As the third principal figure, Captain Balstrode, a sympathetic and helpful friend to Grimes, boasted a veteran in the role, bass-baritone Alan Held. Though strong vocally and as a presence, he was mostly lacking in warmth. Bass-baritone Patrick Carfizzi as the lawyer Swallow, baritone Liam Bonner as the apothecary Ned Keene, bass-baritone David Pittsinger as the carter Hobson, tenor Keith Boyer as the rector Horace Adams, and especially tenor Thomas Cooley as the rabble-rousing Bob Boles were the face of the mob. Contralto Meredith Arwady, who was the stellar Dame Quickly in the San Francisco Opera’s recent Falstaff, was again big and marvelous as Auntie, madam of the tavern and brothel, with her two “nieces,” Leela Subramaniam and Summer Hassan, in tow. The witchy town snoop and snitch, Mrs. Sedley, was done well by mezzo-soprano Nancy Maultsby.
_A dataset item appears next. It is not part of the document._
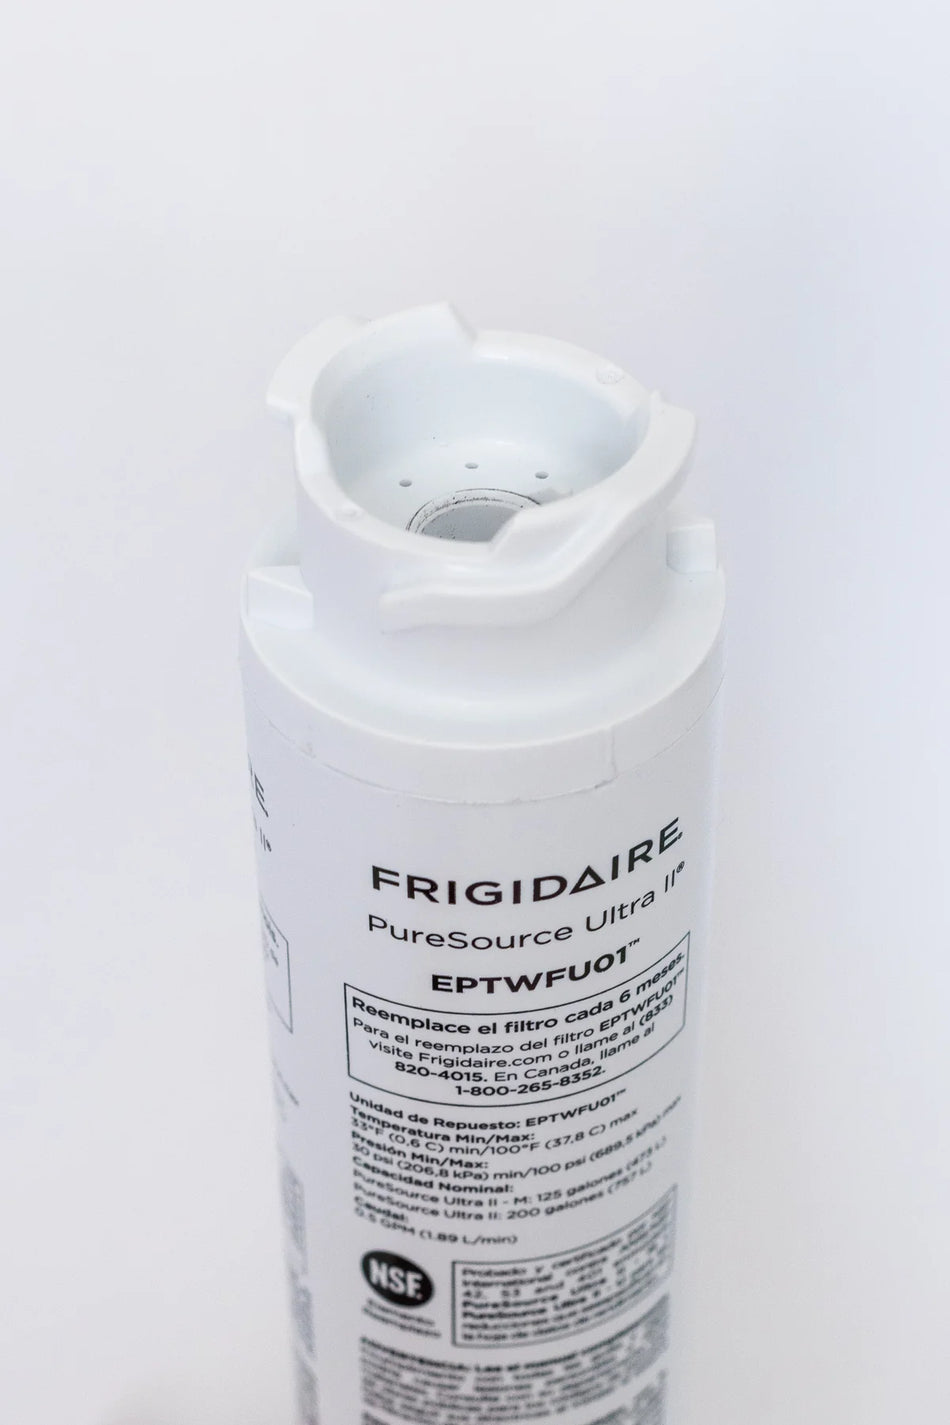 Frigidaire EPTWFU01 PureSource Ultra II Refrigerator Water Filter, 3 pack

Robertson led the forces of his St. Louis Symphony brilliantly, achieving utter clarity in a first-class, recording-ready performance of this translucent score. It was impressive a sweep!

Robert P. Commanday, founding editor of San Francisco Classical Voice, was The San Francisco Chronicle’s Music Critic from 1965-93 and previously conductor and lecturer at the University of California – Berkeley.